In response to the #MeToo/#TheyKnew movement initiated by allegations that Harvey Weinstein sexually harassed multiple Hollywood actresses, the Washington legislature enacted laws this year limiting an employer’s ability to keep such allegations confidential through arbitration and mediation agreements. Specifically, SSB 6313 declares that provisions in employment agreements that waive an employee’s right to publicly pursue a discrimination action before a court or administrative agency, or that require an employee to resolve discrimination claims in a confidential dispute-resolution process, such as arbitration, are against public policy and unenforceable. Given the U.S. Supreme Court’s holding that the FAA, not the Labor Act, determines the enforceability of class-action waivers, federal law regarding the enforceability of class-action waivers appears likely to prevail over the new state law with respect to the enforcement of arbitration agreements. Yet confidentiality provisions within arbitration agreements may not be enforceable in Washington as a result of the new state statute.

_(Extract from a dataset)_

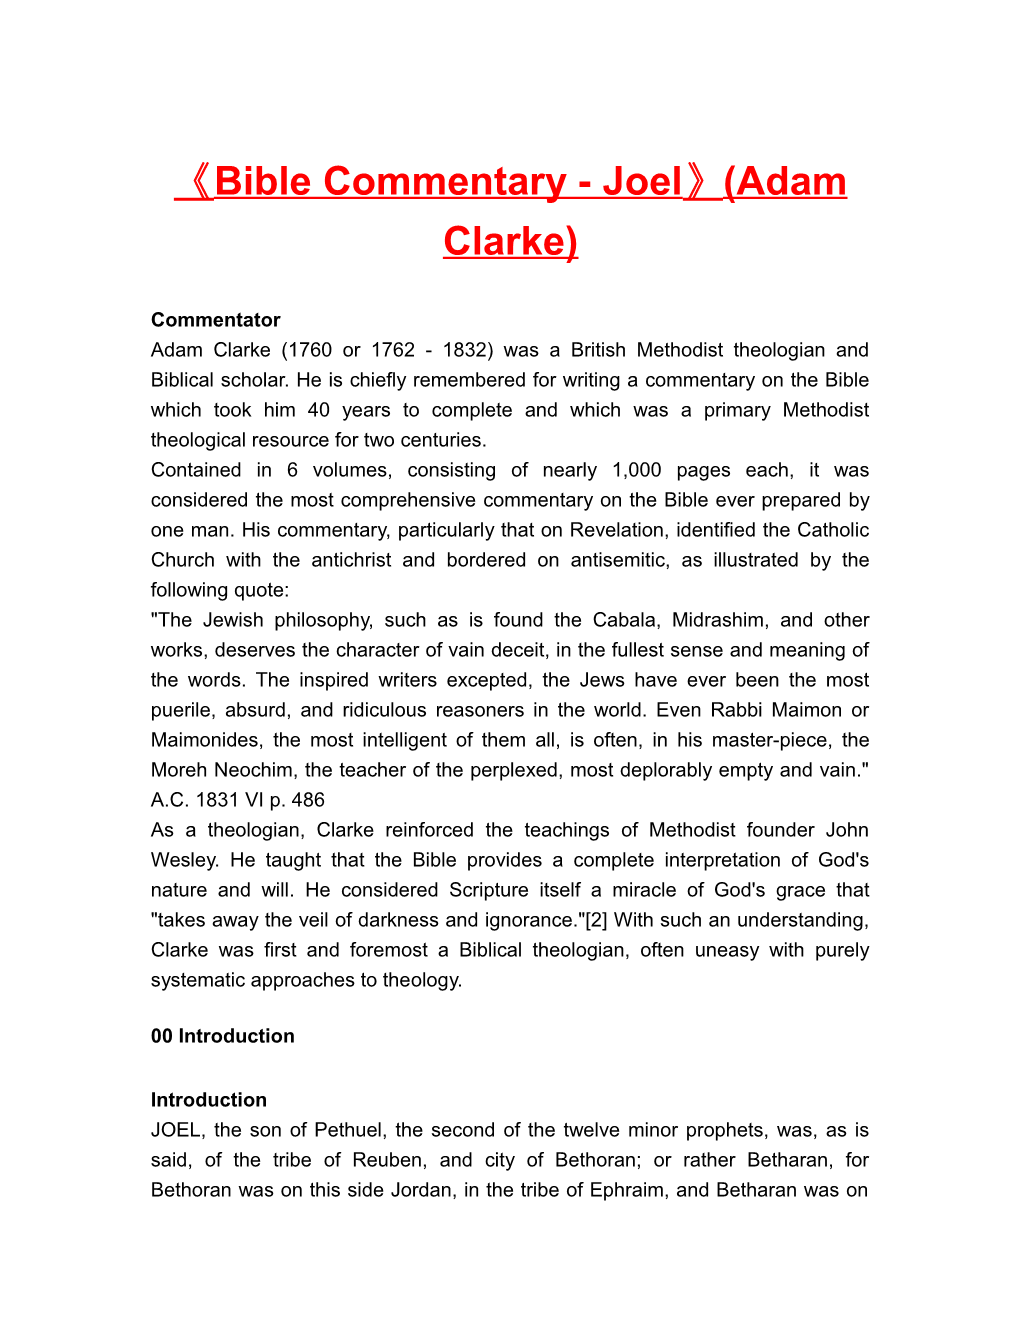 Bible Commentary - Joel (Adam Clarke)

Although class-action waivers are now clearly enforceable under federal law, employers that do not currently require employees to sign individual arbitration agreements must still consider whether the costs of arbitration outweigh the benefits, such as class-action waivers. Unless employers are willing to pay for the full cost of arbitration, the courts may find employee arbitration agreements an unconscionable financial burden on all but the highest paid employees.

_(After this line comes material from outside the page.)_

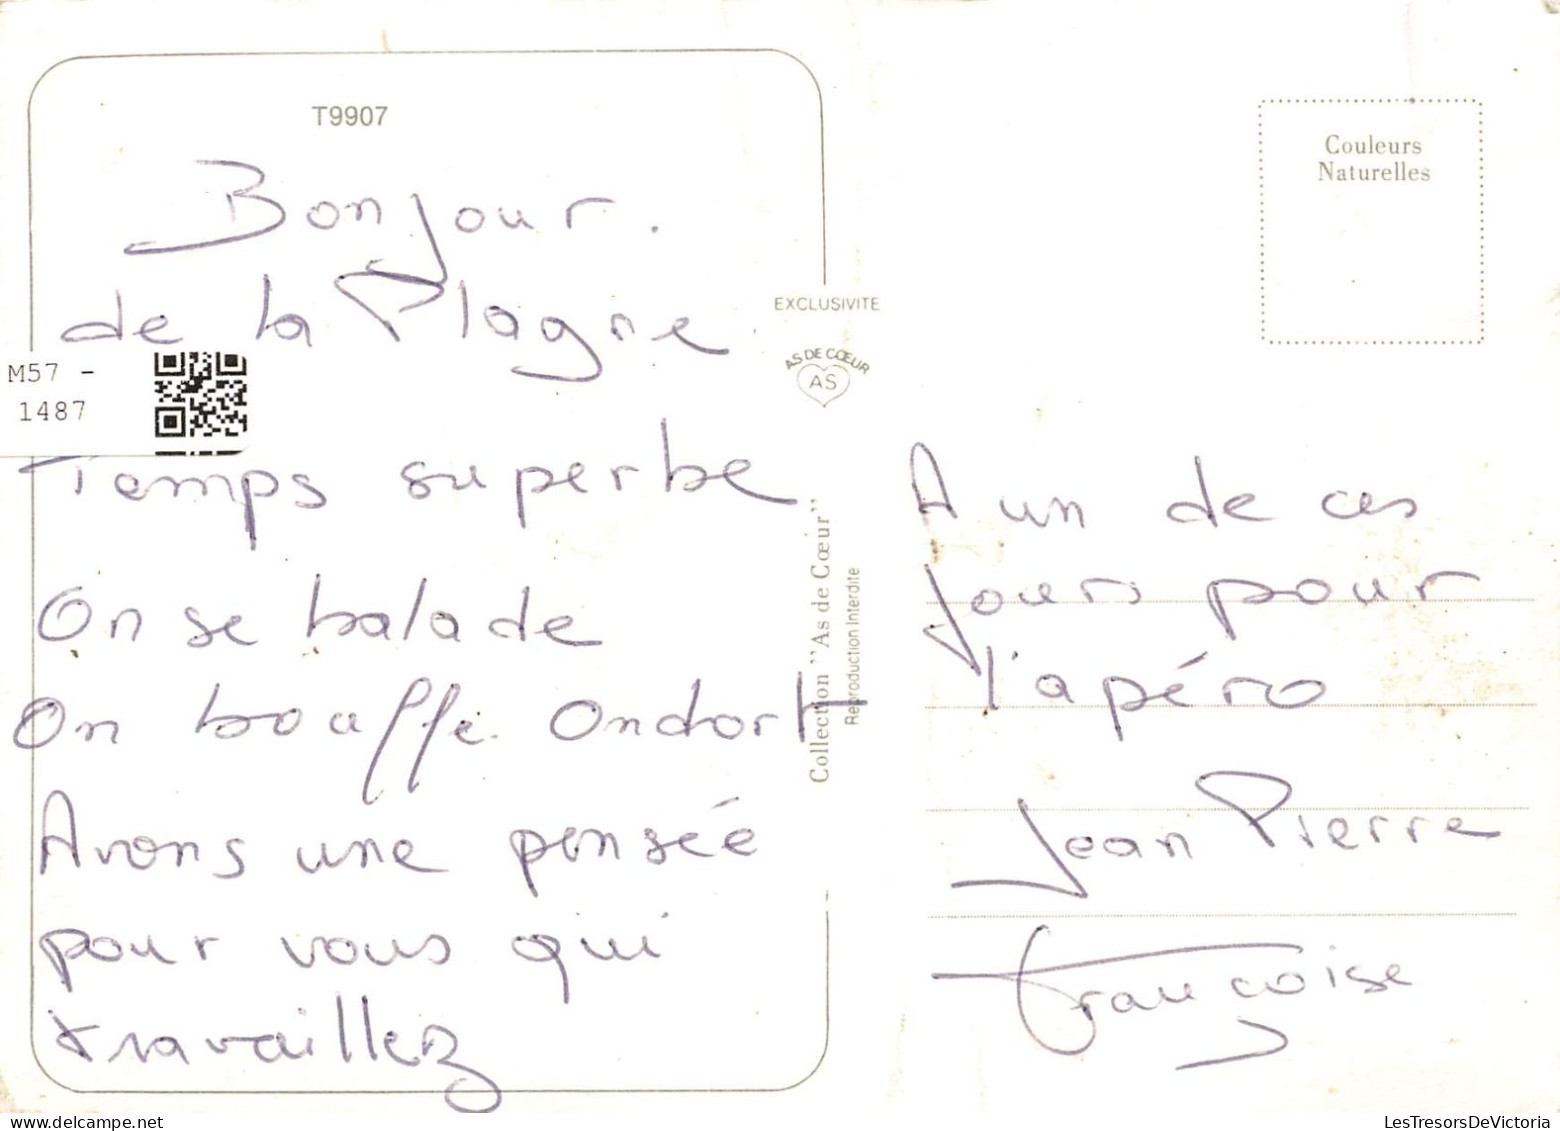 HUMOUR - On S'en Balance On Est En Vacances - Carte Postale - Humour

If an employer does currently require any of its employees to sign arbitration agreements, however, there seems little reason not to maintain or add class-action waivers to those agreements. Employers that do not currently require their employees to sign arbitration agreements should consult employment counsel about the costs and benefits of such agreements before instituting a requirement that employees sign arbitration agreements with class-action waivers.